297 obs. of  14 variables:
 $ Age     : num  63 67 67 37 41 56 62 57 63 53 ...
 $ Sex     : Factor w/ 2 levels "F","M": 2 2 2 2 1 2 1 1 2 2 ...
 $ CP      : Factor w/ 4 levels "1","2","3","4": 1 4 4 3 2 2 4 4 4 4 ...
 $ Trestbps: num  145 160 120 130 130 120 140 120 130 140 ...
 $ Chol    : num  233 286 229 250 204 236 268 354 254 203 ...
 $ Fbs     : Factor w/ 2 levels "0","1": 2 1 1 1 1 1 1 1 1 2 ...
 $ Restecg : Factor w/ 3 levels "0","1","2": 3 3 3 1 3 1 3 1 3 3 ...
 $ Thalach : num  150 108 129 187 172 178 160 163 147 155 ...

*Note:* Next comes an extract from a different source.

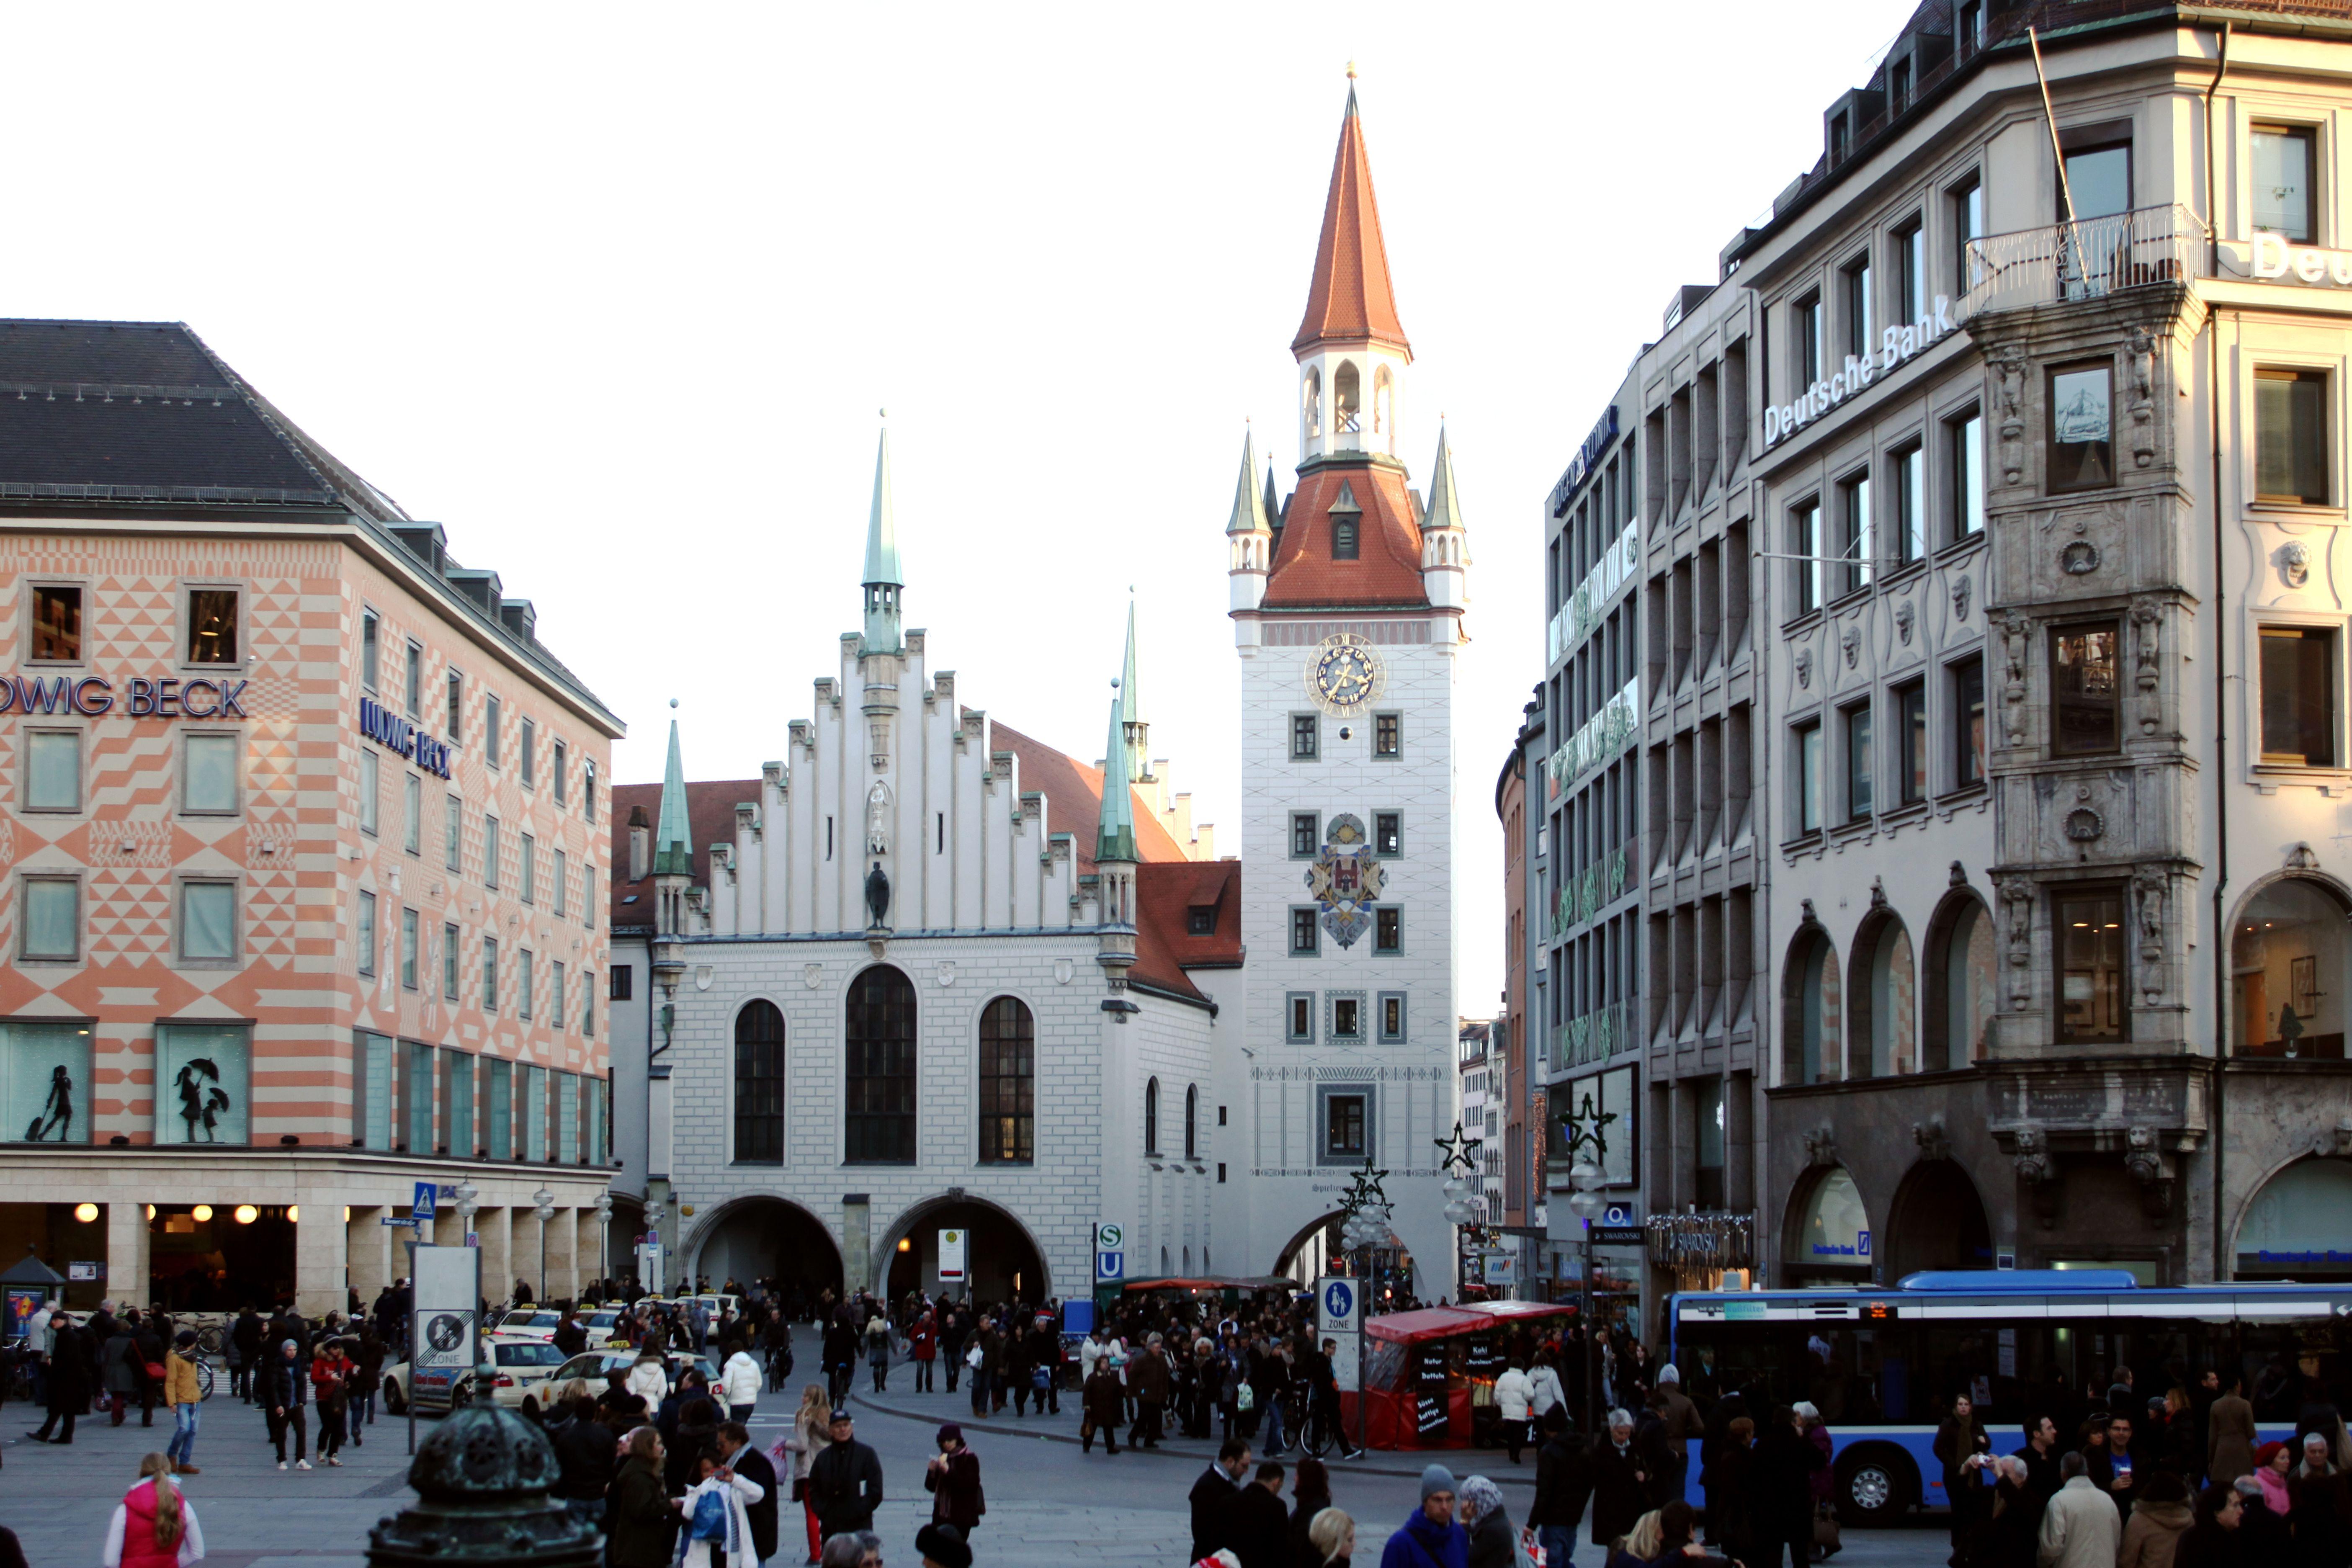 Rund Ums Rathaus

 $ Exang   : Factor w/ 2 levels "0","1": 1 2 2 1 1 1 1 2 1 2 ...
 $ Oldpeak : num  2.3 1.5 2.6 3.5 1.4 0.8 3.6 0.6 1.4 3.1 ...
 $ Slope   : Factor w/ 3 levels "1","2","3": 3 2 2 3 1 1 3 1 2 3 ...
 $ Ca      : Factor w/ 4 levels "0","1","2","3": 1 4 3 1 1 1 3 1 2 1 ...
 $ Thal    : Factor w/ 3 levels "3","6","7": 2 1 3 1 1 1 1 1 3 3 ...
 $ Hd      : Factor w/ 5 levels "0","1","2","3",..: 1 3 2 1 1 1 4 1 3 2 ...
logic <- glm(Hd ~ ., data = heart_data, family = "binomial")
predicted.data <- data.frame(Prob.HD = logic$fitted.values, HD = heart_data$Hd)
par(cex=0.8, mai=c(0.7,0.7,0.2,0.5), bg = "antiquewhite1")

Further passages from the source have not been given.